The Star Player: MorphEm

The result of this training is a new AI model they named MorphEm (short for Morphology Embeddings).

  • What it does: MorphEm is like a universal translator. If you give it a photo with 3 channels, it understands it. If you give it a photo with 14 channels (which no other model could handle before), it understands that too.
  • The Test: They put MorphEm through a series of "final exams" (benchmarks) using real-world biological problems, like:
    • Identifying which drugs kill cancer cells.
    • Detecting genetic diseases.
    • Classifying blood cells from different countries.
  • The Result: MorphEm didn't just pass; it crushed the competition. It performed better than models that were specifically trained for just one type of image. It proved that diversity is strength. By seeing more types of data, the AI became smarter and more adaptable.

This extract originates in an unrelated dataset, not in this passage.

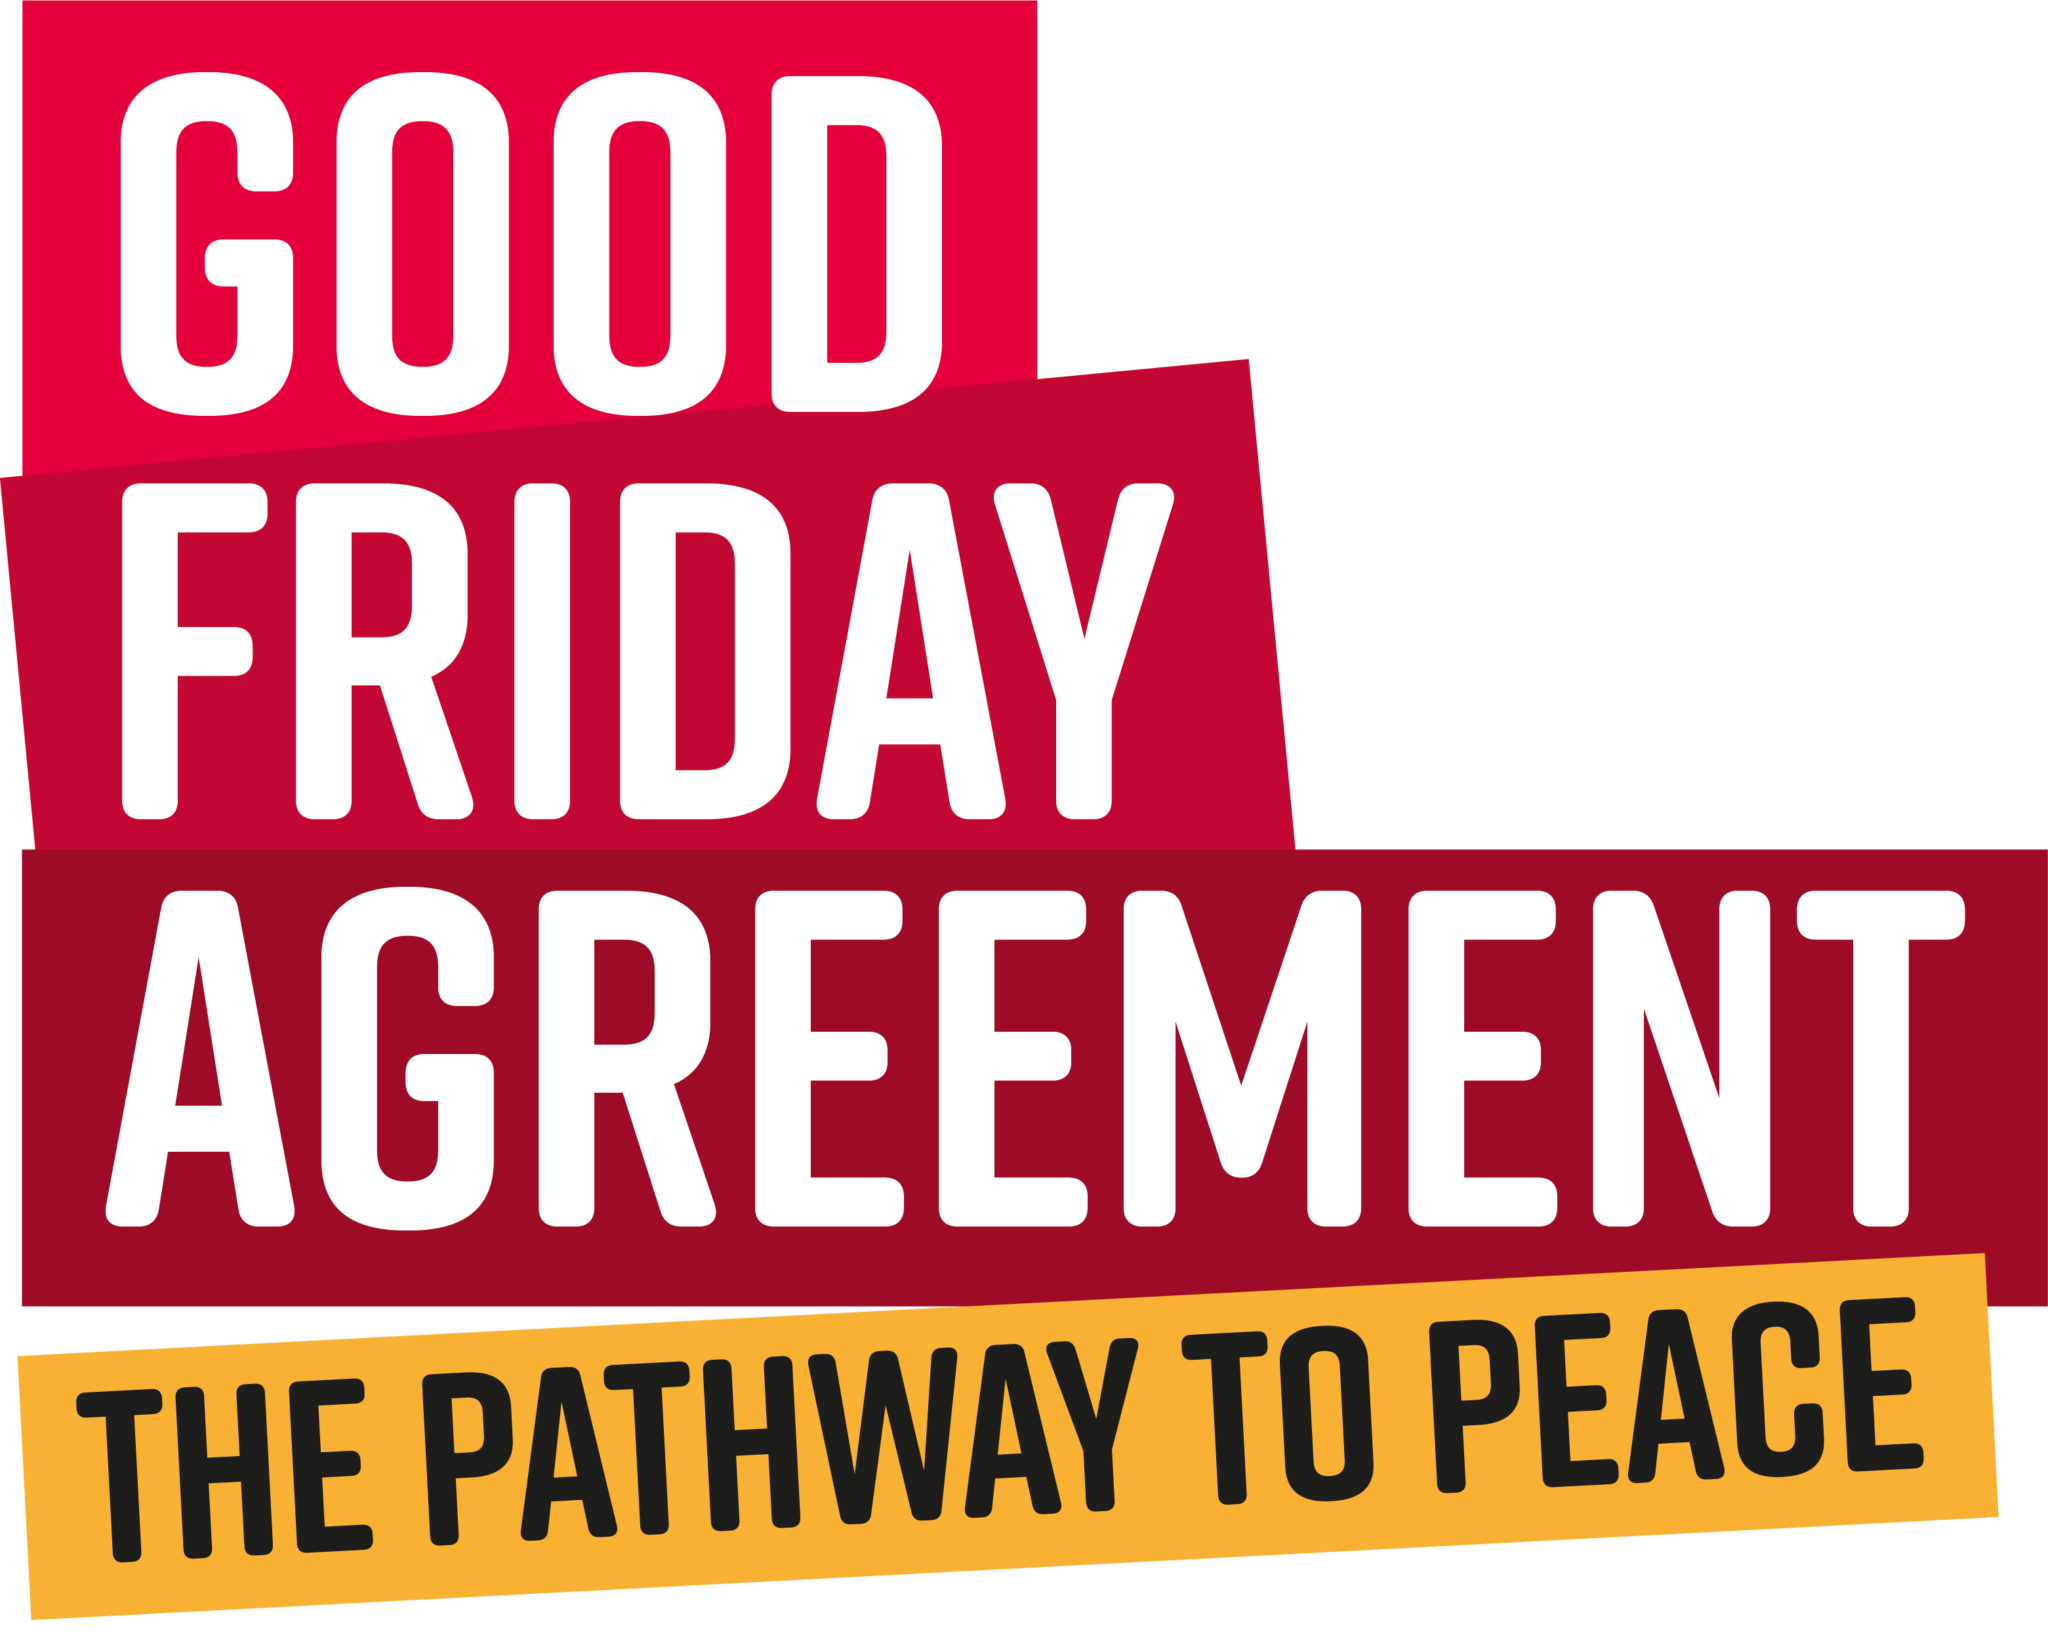 Good Friday Agreement The path to peace The Labour Party

Why This Matters (The "So What?")

Before this paper, if a scientist wanted to study a new type of cell with a weird new microscope setup, they had to start from scratch. They had to collect data, label it, and train a new model from zero.

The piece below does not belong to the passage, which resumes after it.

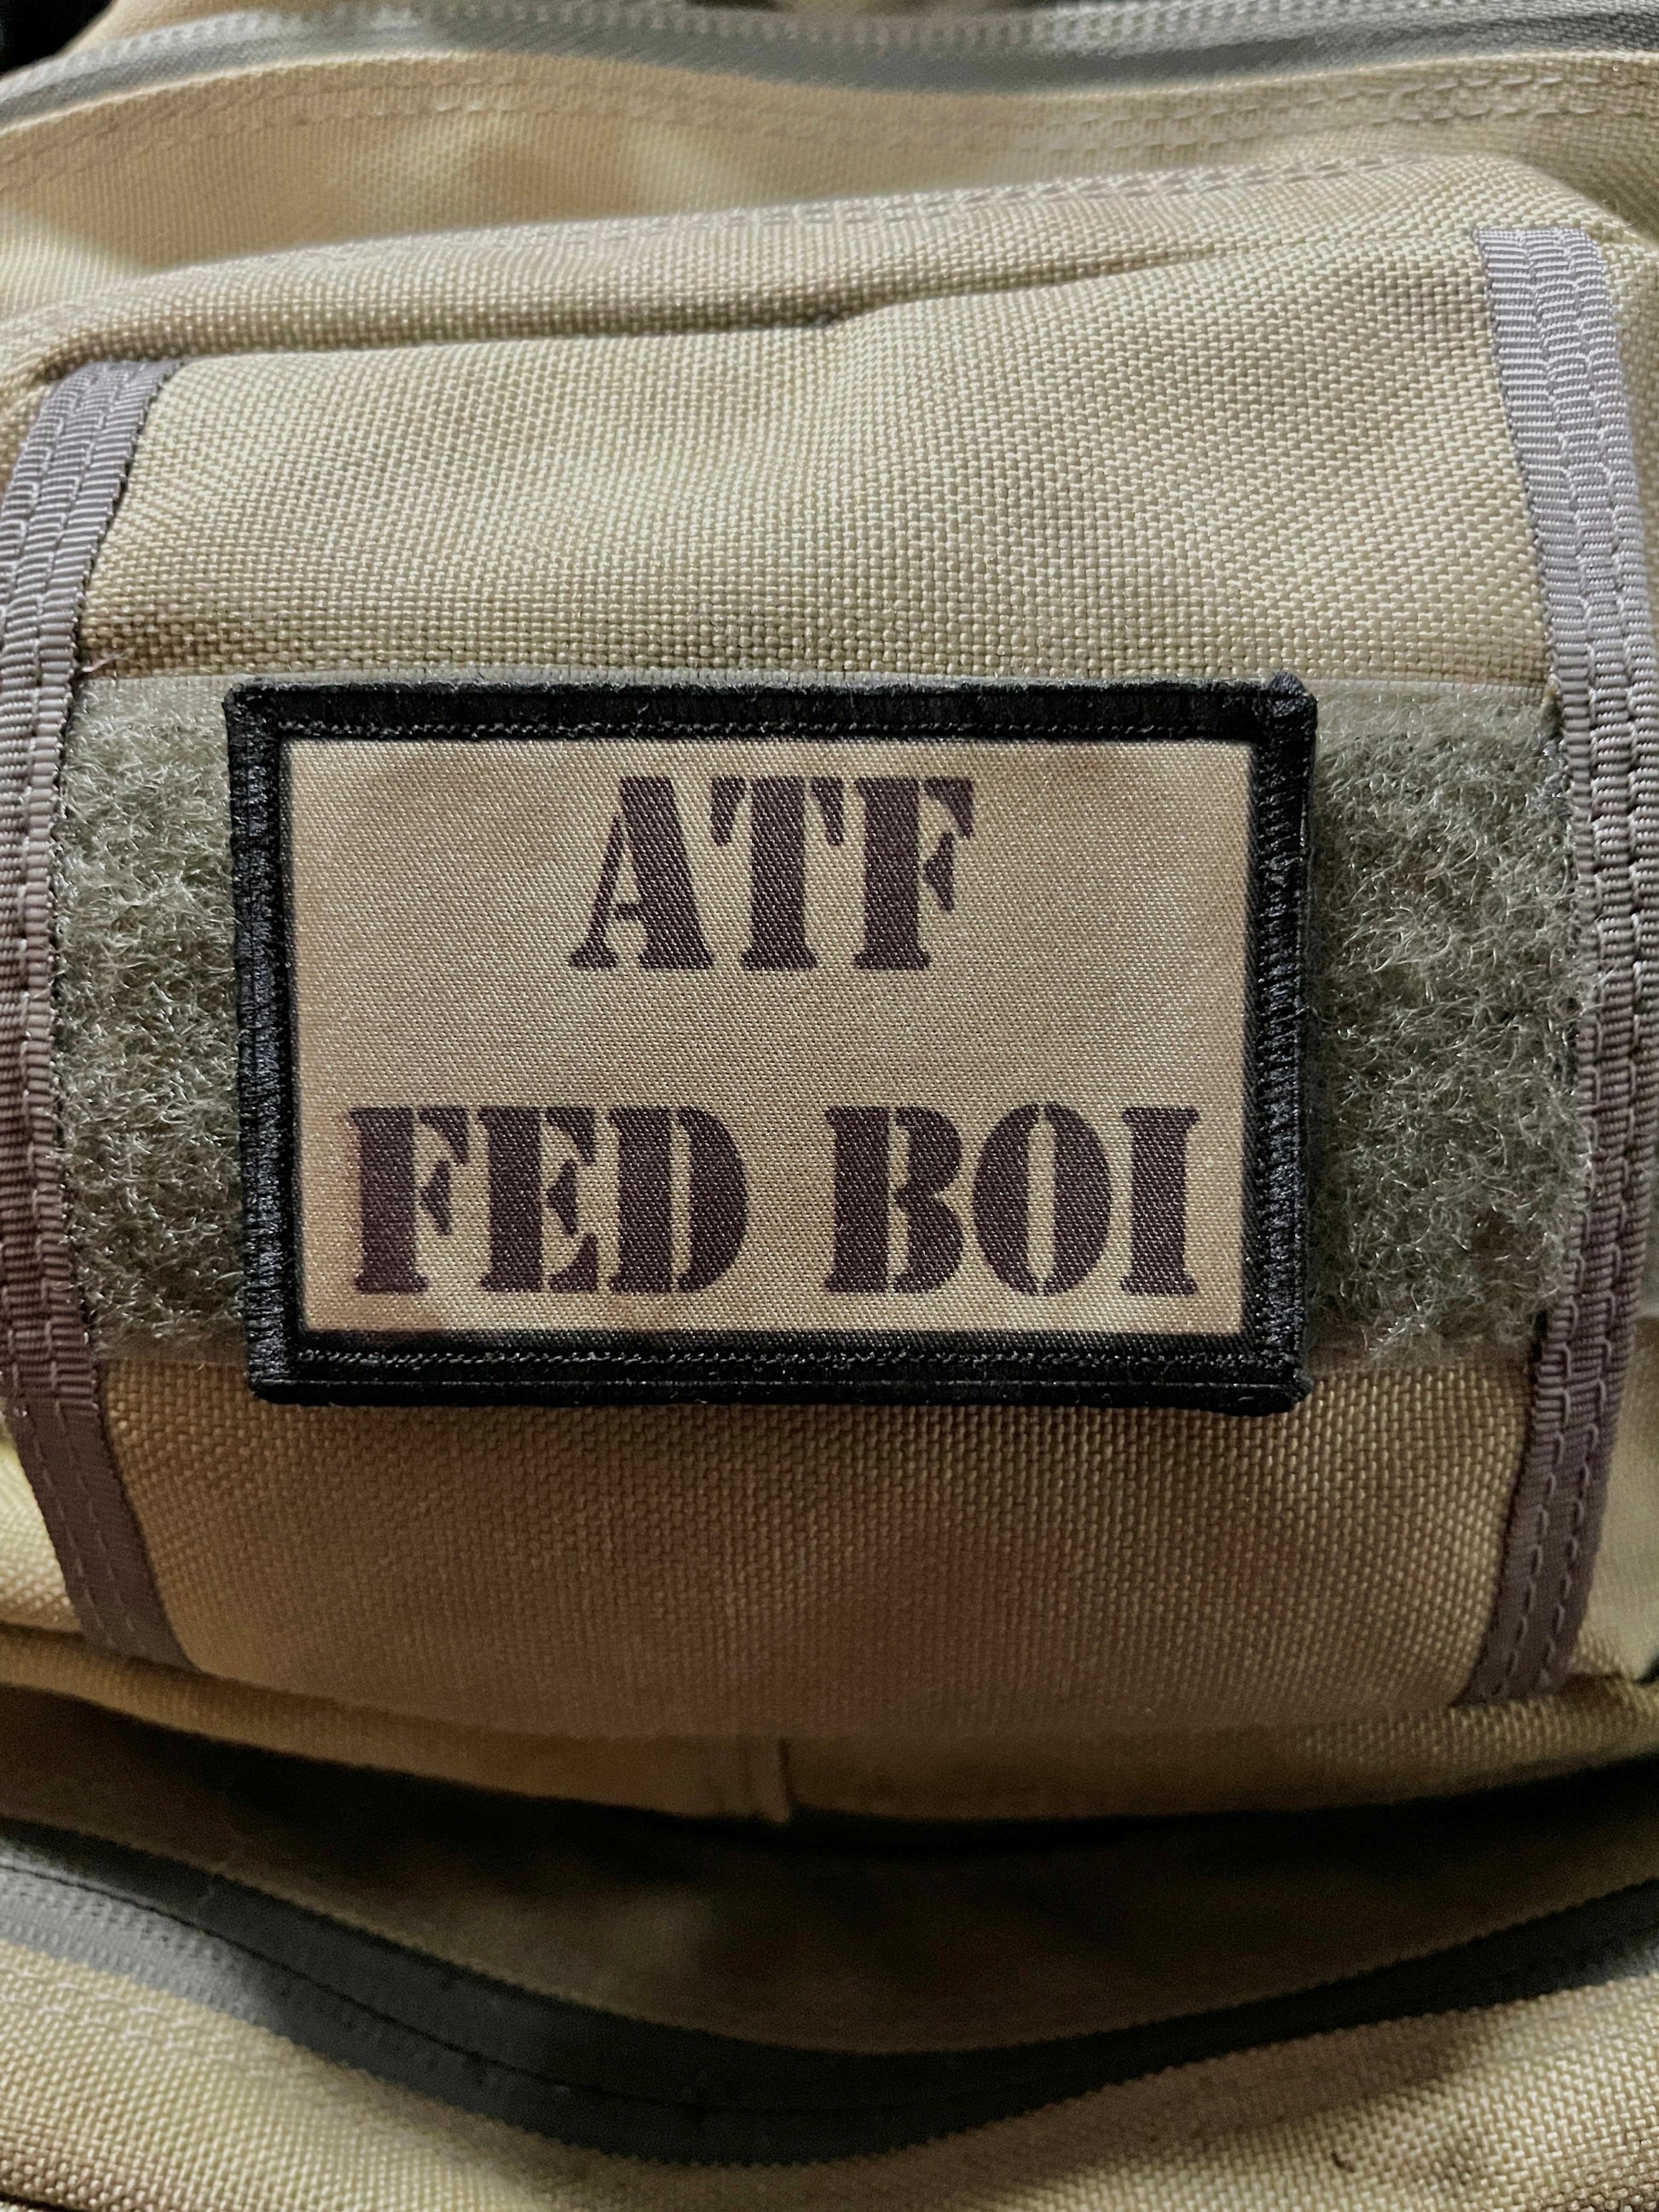 ATF Fed Boi Morale Patch Morale Patches Redheaded T Shirts

With CHAMMI-75 and MorphEm:

  1. Reusability: Scientists can now use this pre-trained "brain" for almost any new experiment.
  2. Speed: They don't need to wait years to train a new model. They just plug in their new data, and the AI is ready to go.
  3. Discovery: Because the AI is so good at spotting subtle differences, it can help scientists find new drugs or understand diseases faster than ever before.

In a Nutshell

Imagine trying to learn a language.

  • The Old Way: You learned French, then you learned Spanish, then you learned German, but you had to forget one to learn the next.
  • The New Way (CHAMMI-75): You were thrown into a room with speakers of 75 different languages speaking at once. You learned the structure of language itself. Now, when someone speaks a language you've never heard before, you can still understand the grammar and meaning.

This paper gives the scientific community that "universal language" for cell biology, allowing them to solve problems faster and more accurately than ever before.